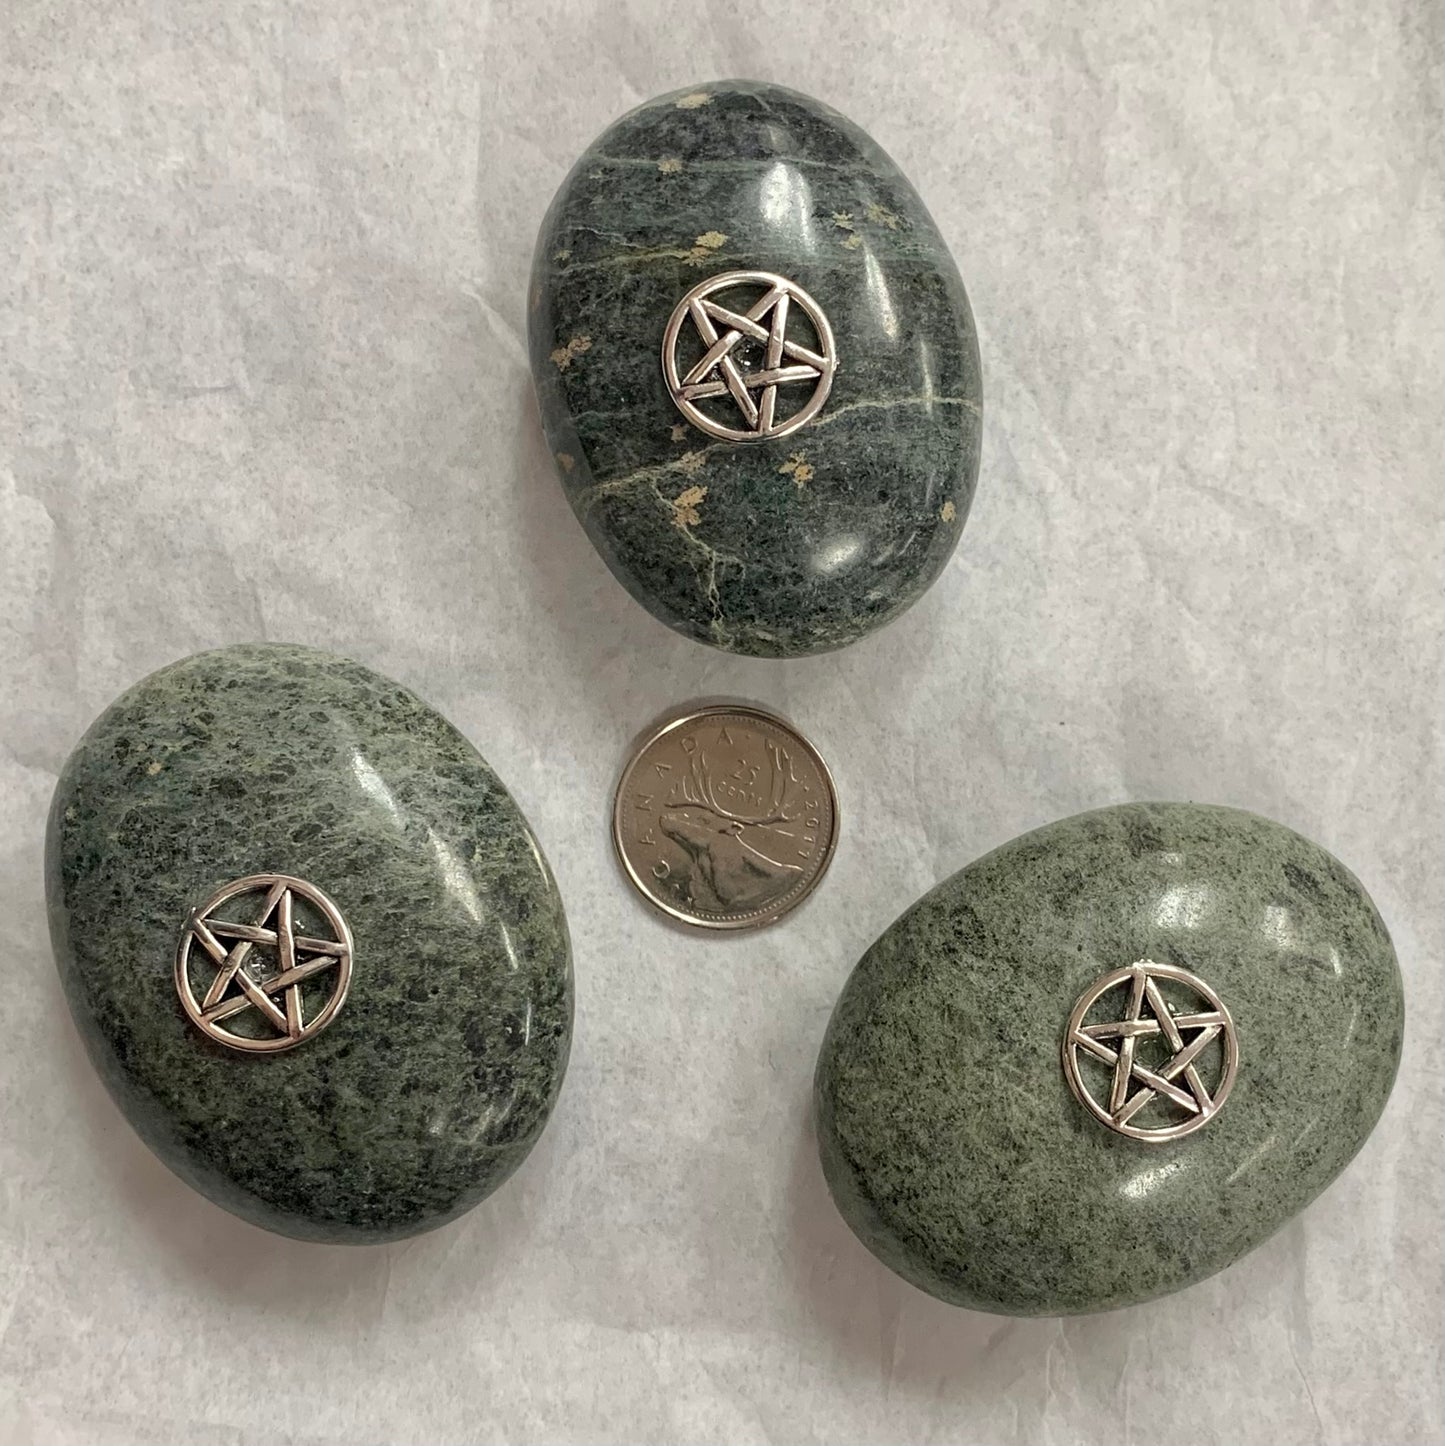 Serpentine Palm Stone with Pentacle
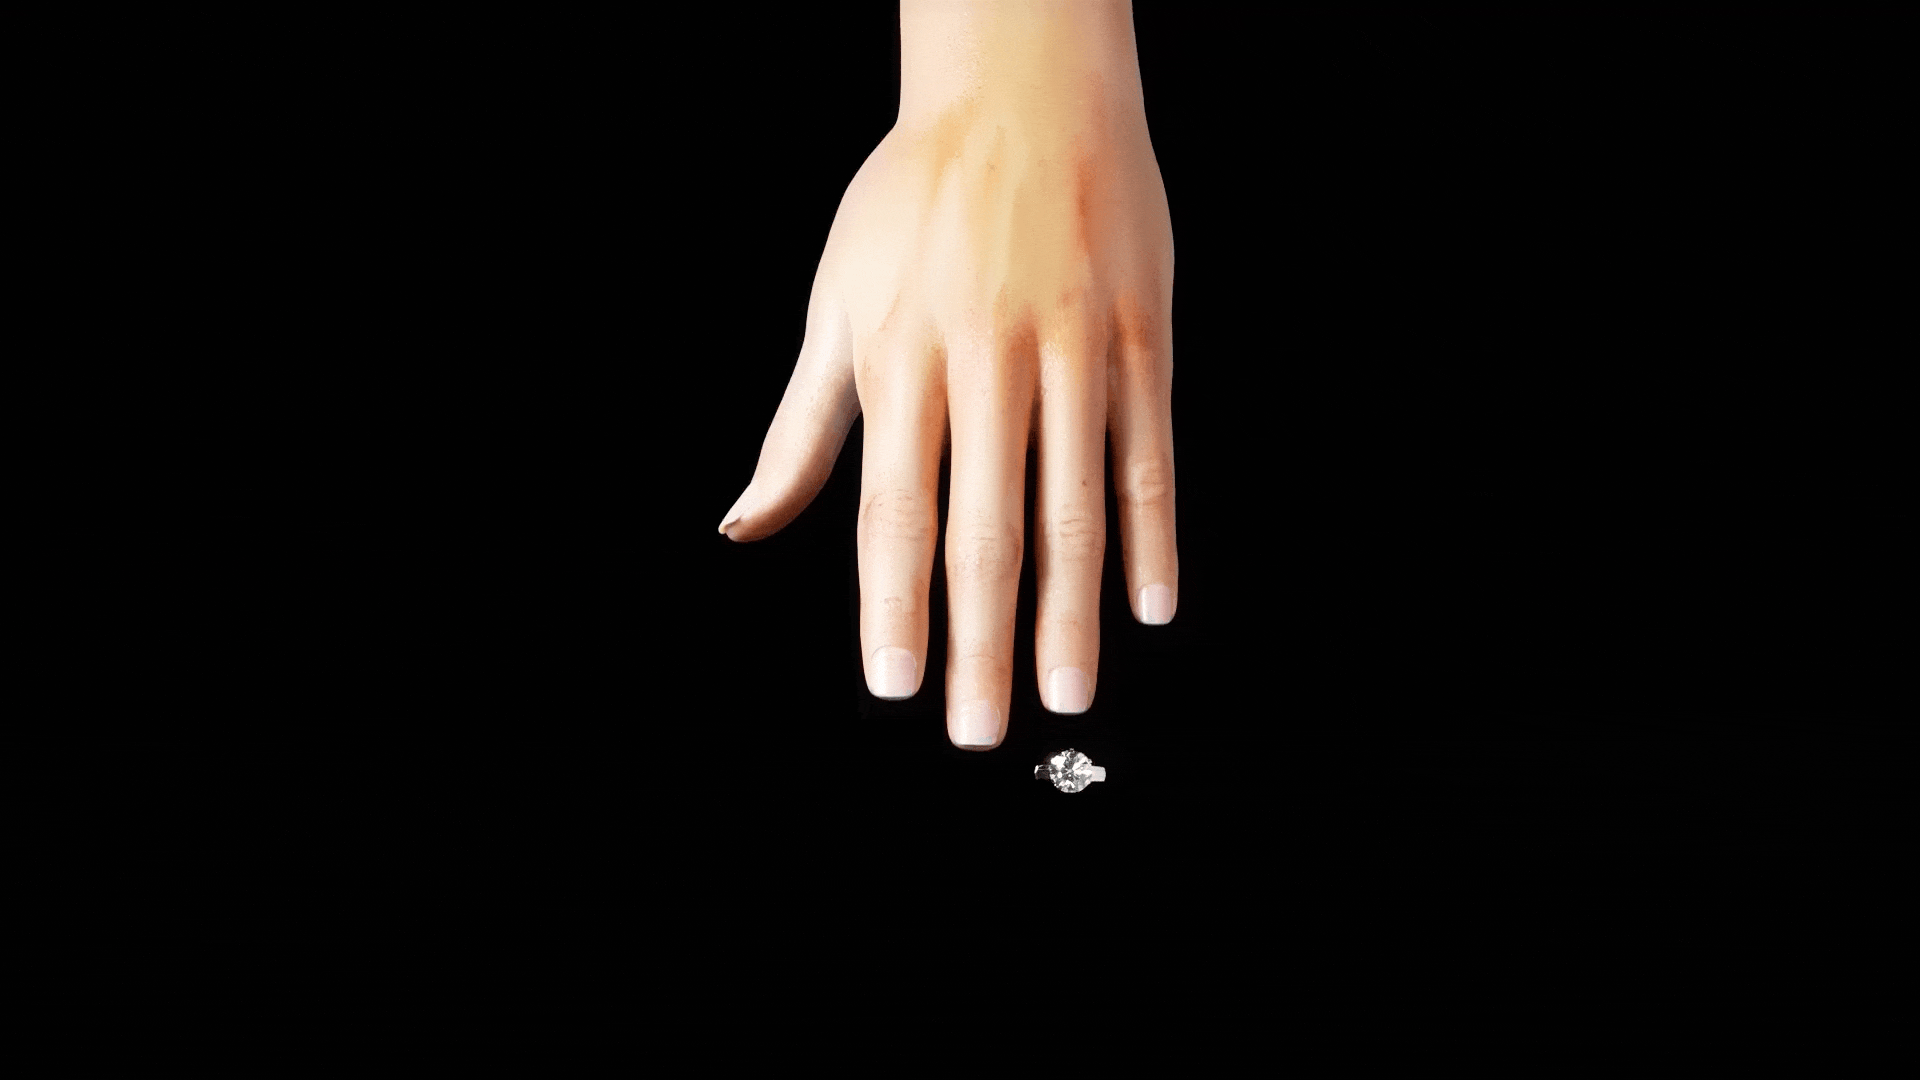 Animated gif of a hand with a People's diamond ring sliding on. The hand slides into a glove by Peoplest,the the diamond slides out of the ring slit in the glove.
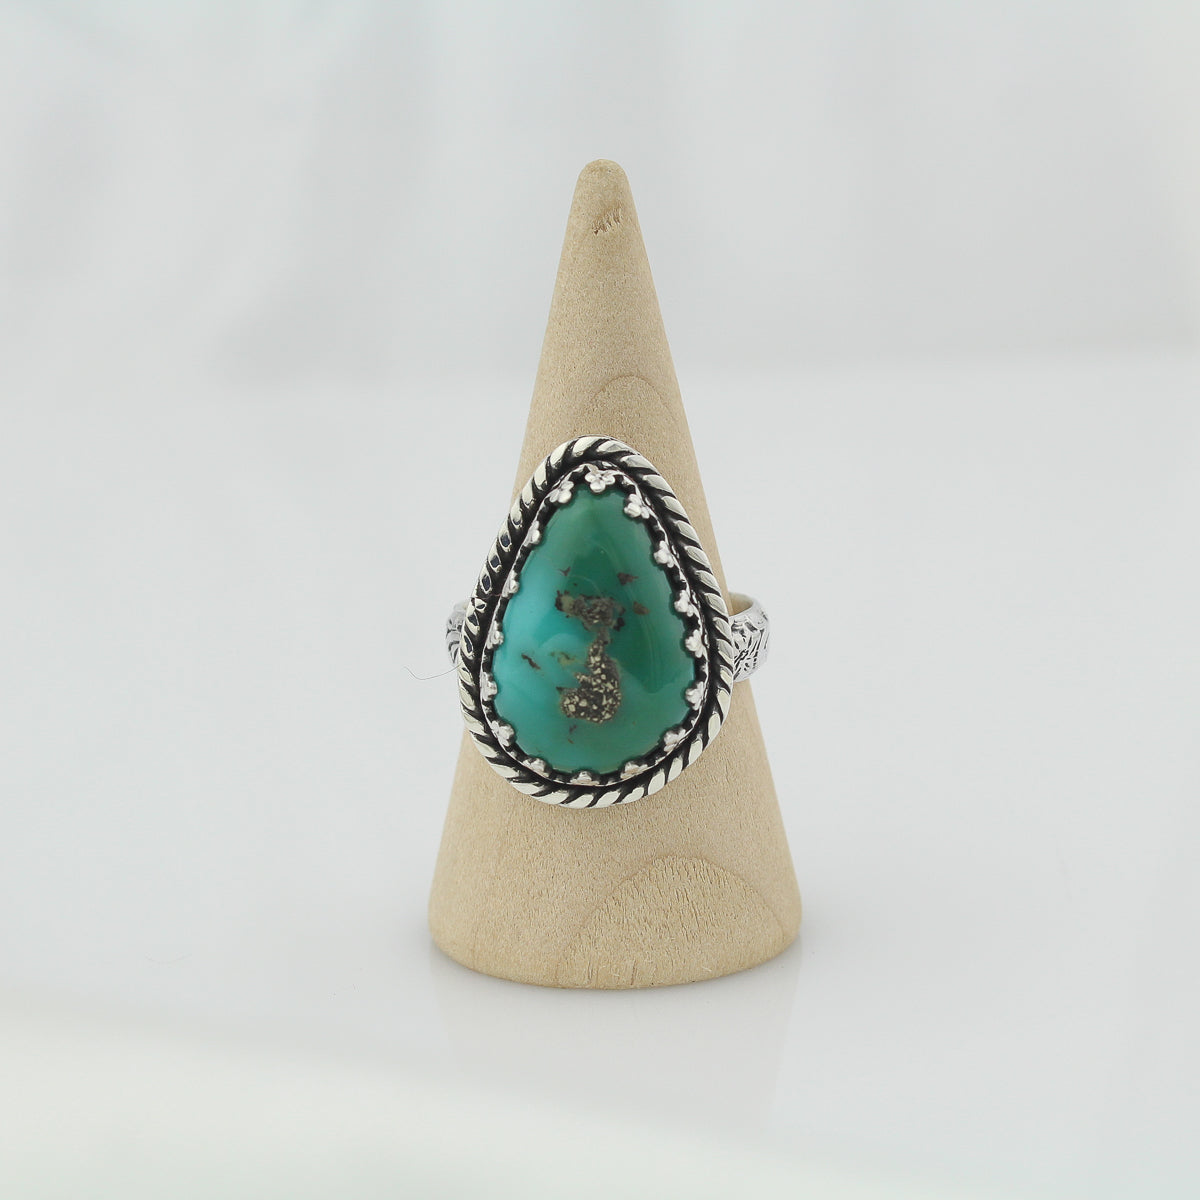 Kingman Turquoise with Pyrite Ring - Size 7.5
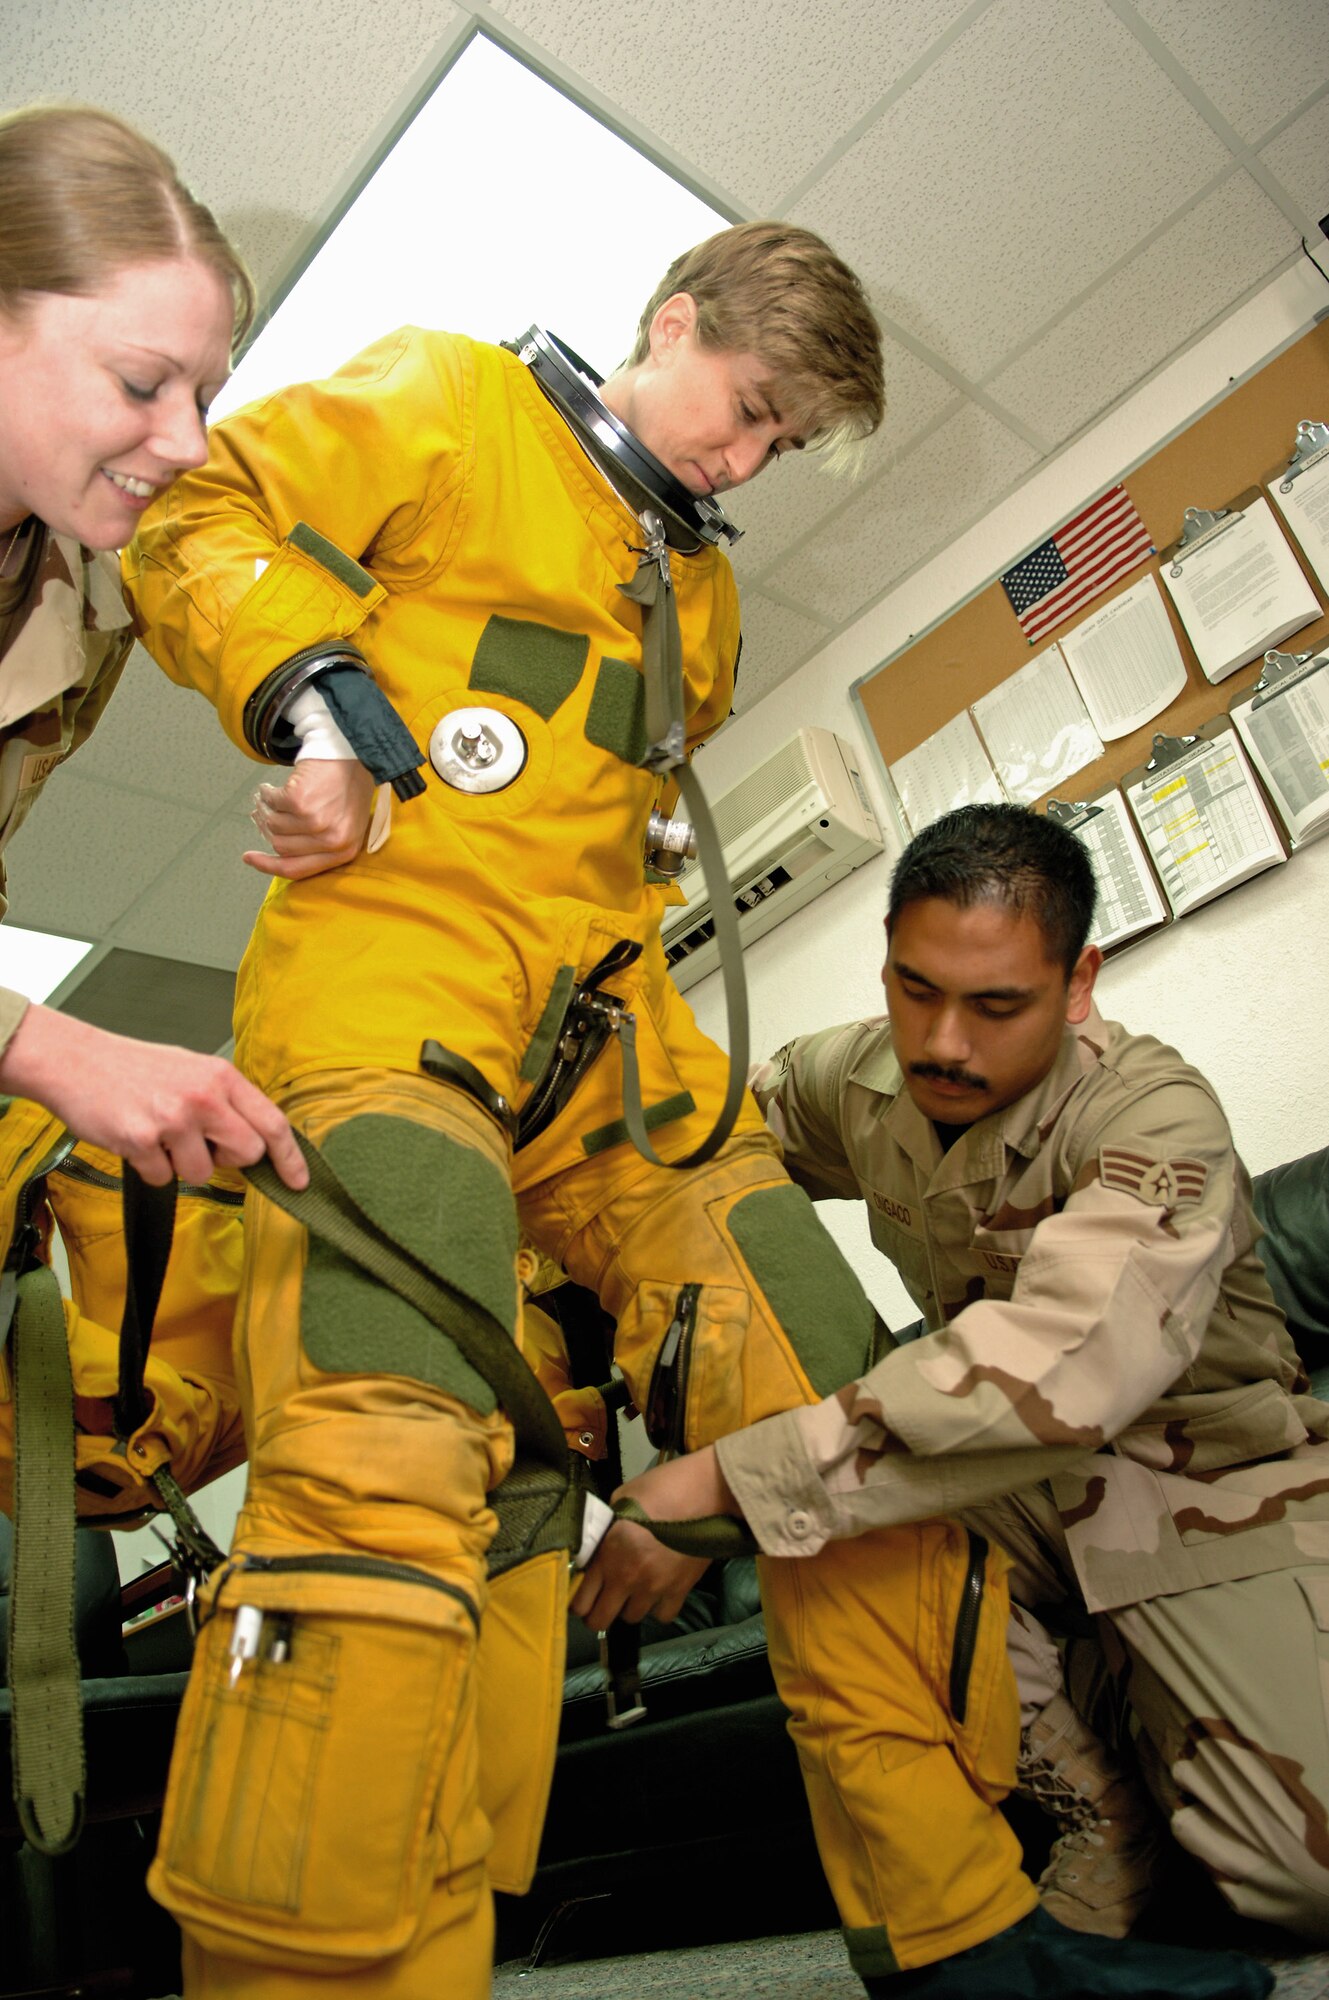 Capt. Heather Fox, a U-2 Dragon Lady pilot with the 99th Expeditionary Reconnaissance Squadron, stands while Senior Airman Roric Ongaco (right) and Staff Sgt. Lisa Tetrick, 99th ERS physiological support division technicians, help attach the torso harness to her suit.  She was preparing to fly a reconnaissance mission March 25 from an air base in Southwest Asia.  Captain Fox is one of only three female U-2 pilots currently serving in the Air Force.  (U.S. Air Force photo/Senior Airman Levi Riendeau)

PROMPT
Would you transcribe the whole listing above exactly? The pictures should not be included.

RESPONSE AREA
 Serpentine Palm Stone with Pentacle
 Animated gif of a hand with a People's diamond ring sliding on. The hand slides into a glove by Peoplest,the the diamond slides out of the ring slit in the glove.
 Kingman Turquoise with Pyrite Ring - Size 7.5
 Capt. Heather Fox, a U-2 Dragon Lady pilot with the 99th Expeditionary Reconnaissance Squadron, stands while Senior Airman Roric Ongaco (right) and Staff Sgt. Lisa Tetrick, 99th ERS physiological support division technicians, help attach the torso harness to her suit.  She was preparing to fly a reconnaissance mission March 25 from an air base in Southwest Asia.  Captain Fox is one of only three female U-2 pilots currently serving in the Air Force.  (U.S. Air Force photo/Senior Airman Levi Riendeau)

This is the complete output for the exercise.